In total, this study identified 30 genes for which FHIT loss alters ribosome occupancy of the 5’-UTR or the coding region of their respective mRNAs (Table 3). These are notable for the breadth of pathways they impact. A number of genes have been directly linked to malignancy, including ADAM9, CDKN2C, DCAF5, KPNB1, MECP2, RACK1, SERTAD3, TBC1D7, TP53I3 and TIAM1. H2AF7 was recently identified as a major regulator of EMT [33]. Others that have been indirectly linked to cancer include HIST1H2AD, two zinc finger proteins (ZCCHC3, ZNF552), and CSRP2, CREBL2, and SERTAD3. Intermediary metabolism and protein synthesis have essential roles in malignancy, and these processes are represented in our dataset by ACSL1 and FASN, which encode enzymes that function in fatty acid synthesis and lipid metabolism, and TROVE2, EEF2, RACK1 and RPL37A, each of which impact RNA metabolism or translation.
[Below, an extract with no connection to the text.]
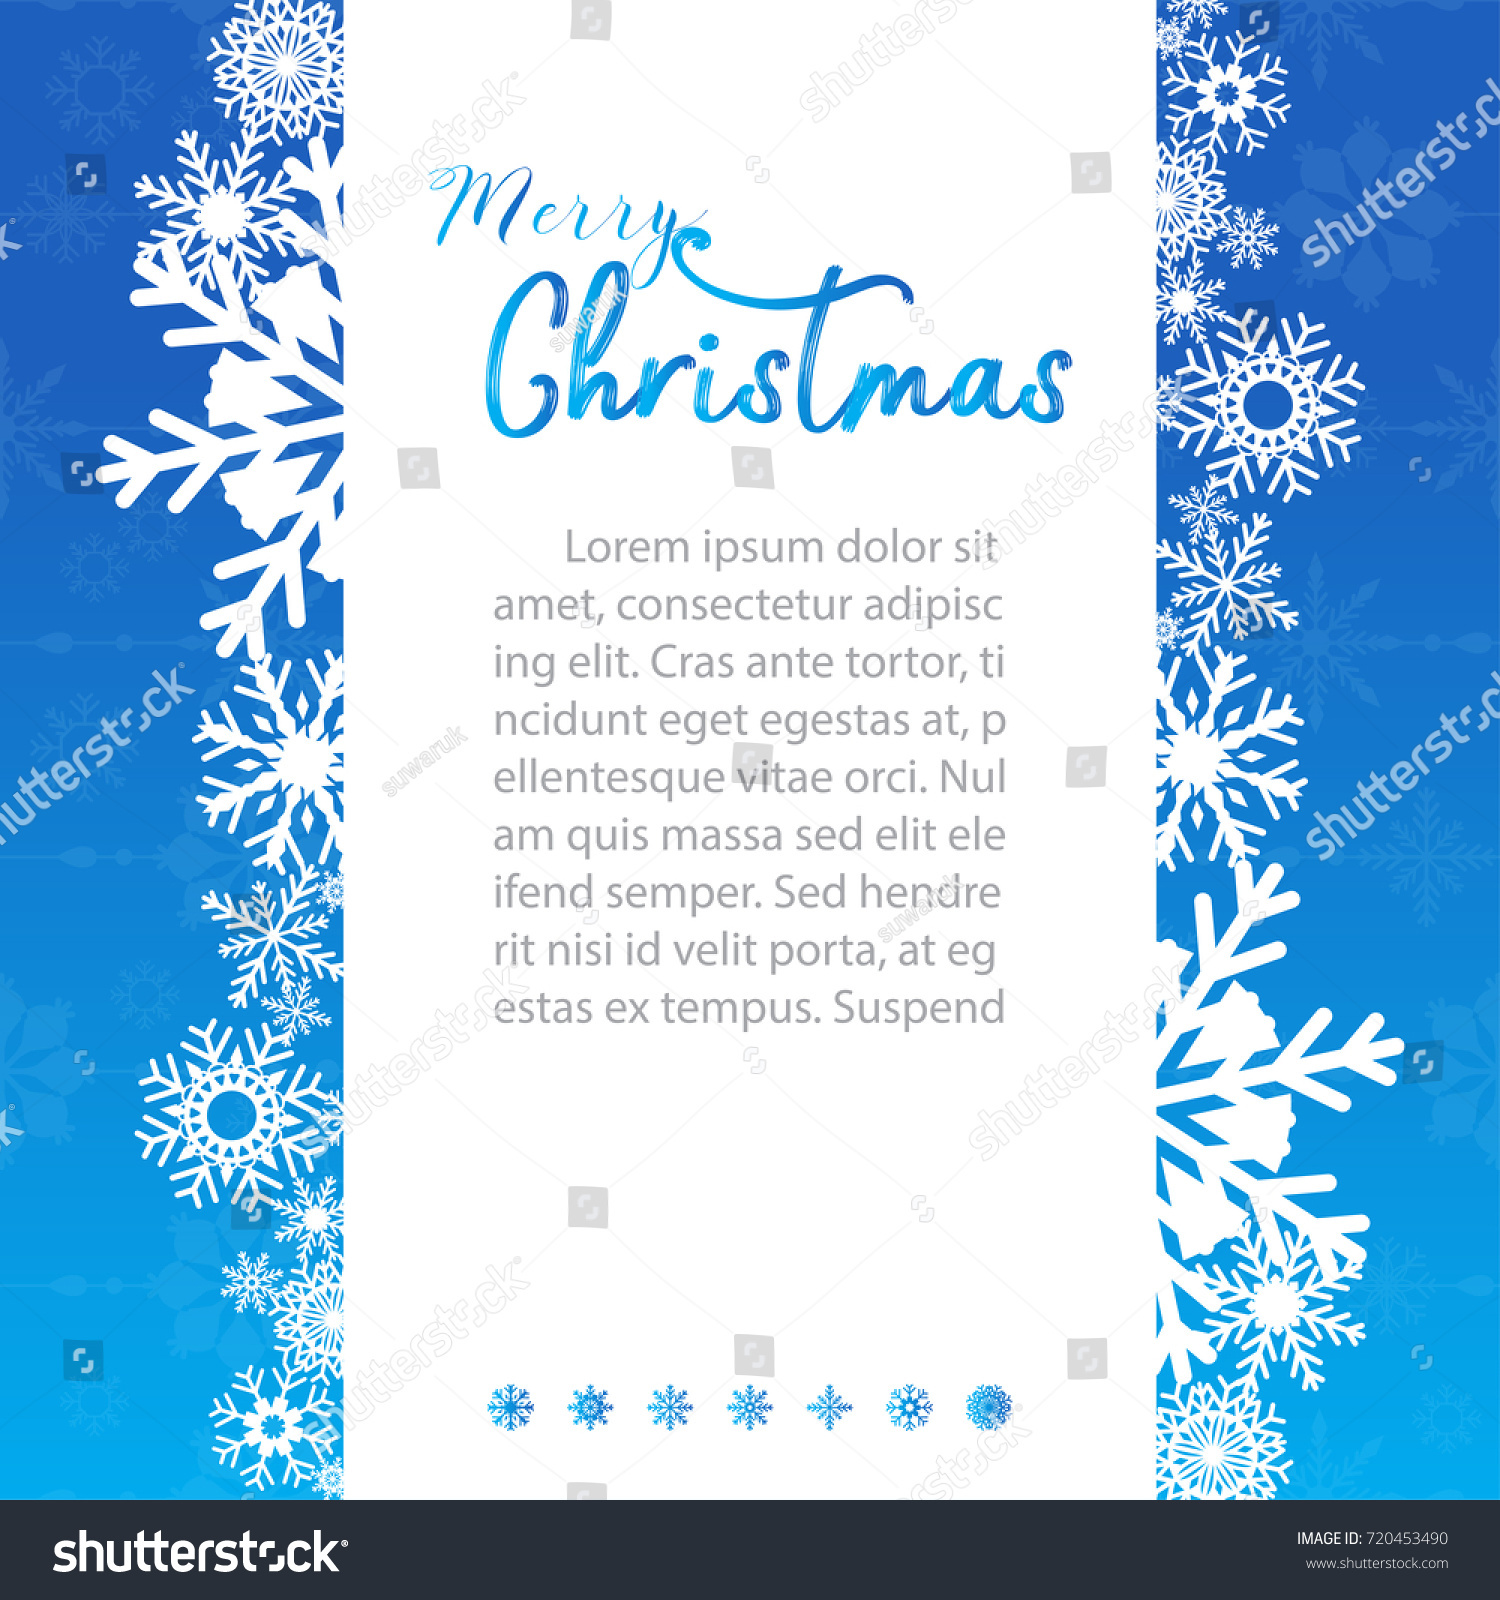 template christmas card in square size for wallpaper banner vector illustration

This analysis also identified HINT2, which is a histidine triad containing protein that functions in mitochondrial cell death signaling. Based on results presented here we propose that past challenges in identifying how loss of FHIT leads to cancer may be partially due to the fact that Fhit and its loss exert pleiotropic effects on the translation of genes that function in a multitude of cellular processes.
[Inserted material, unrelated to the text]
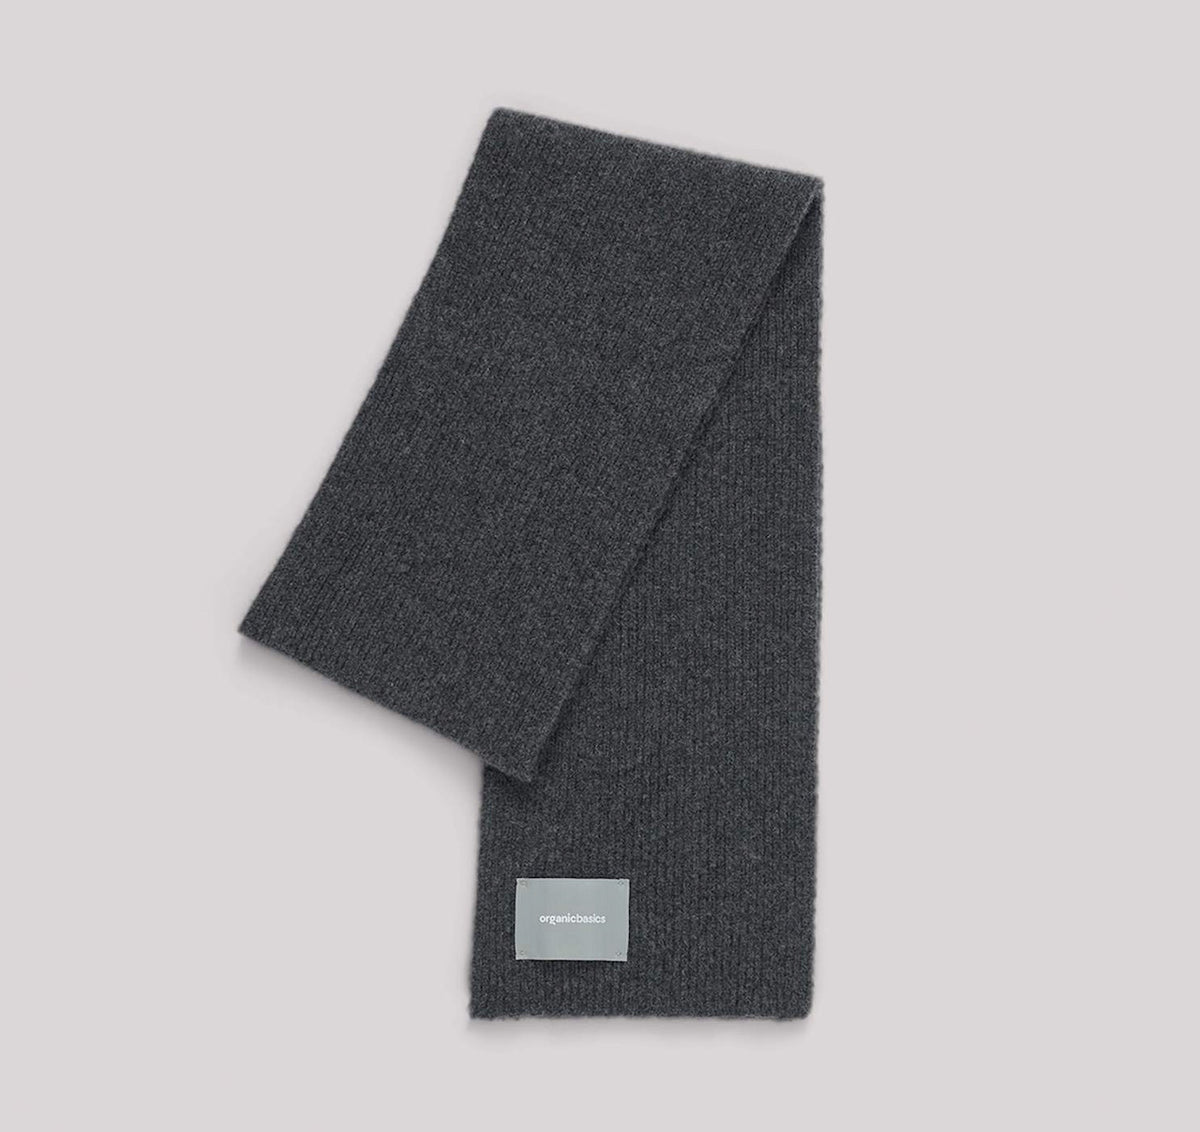 An Organic Basics Recycled Wool Scarf – Charcoal Melange with a label on it.

Table 3 Targets of Fhit-mediated changes in ribosome occupancy

It remains to be determined how Fhit or its loss affects changes in translation. The 5’-UTR is a nexus for post-transcriptional gene regulation [34], and with changes in 5’-UTR ribosome occupancy being the feature most characteristic of the targets identified here. We speculate that sequences or structural elements within this region play a major role in determining specificity for their regulation by Fhit. Fhit does not contain any recognizable RNA binding domains, nor has it been identified as a constituent of the mRNP proteome [35,36,37]. As a member of the histidine triad family Fhit catalyzes the hydrolysis of nucleoside 5′,5′-triphosphates, including m7G caps that are the remnants of 3′-5’ mRNA decay [14]. The H1299 cells used here have low levels of the main scavenger decapping enzyme DcpS, and we hypothesize that nucleoside 5′,5′-triphosphates (including but not necessarily limited to m7G caps) accumulate in Fhit-negative cells to a level sufficient to compete with eIF4E binding to the capped ends of a limited number of mRNAs. As noted above, sequences or structural elements within the 5’-UTR likely determine susceptibility to this disruption. Indirect targeting of gene expression by the intracellular level of nucleoside 5′,5′-triphosphates is consistent with the observation that Fhit/H96N, which binds nucleoside 5′,5′-triphosphates with high affinity, is nearly as effective as wild-type Fhit in suppressing tumor formation [38, 39].

Conclusions

In summary, results presented here show that FHIT loss is associated with changes in ribosome occupancy of the 5’-UTR and/or coding region of 30 different mRNAs, many of which are associated with cancer. This is consistent with recent findings showing changes in 5’-UTR occupancy of a number of cancer-associated genes precedes appearance of a detectable malignancy. The protein products of Fhit-regulated mRNAs function in a number of different pathways, the diversity of which may help explain the challenges encountered in identifying how FHIT loss leads to genome instability and cancer.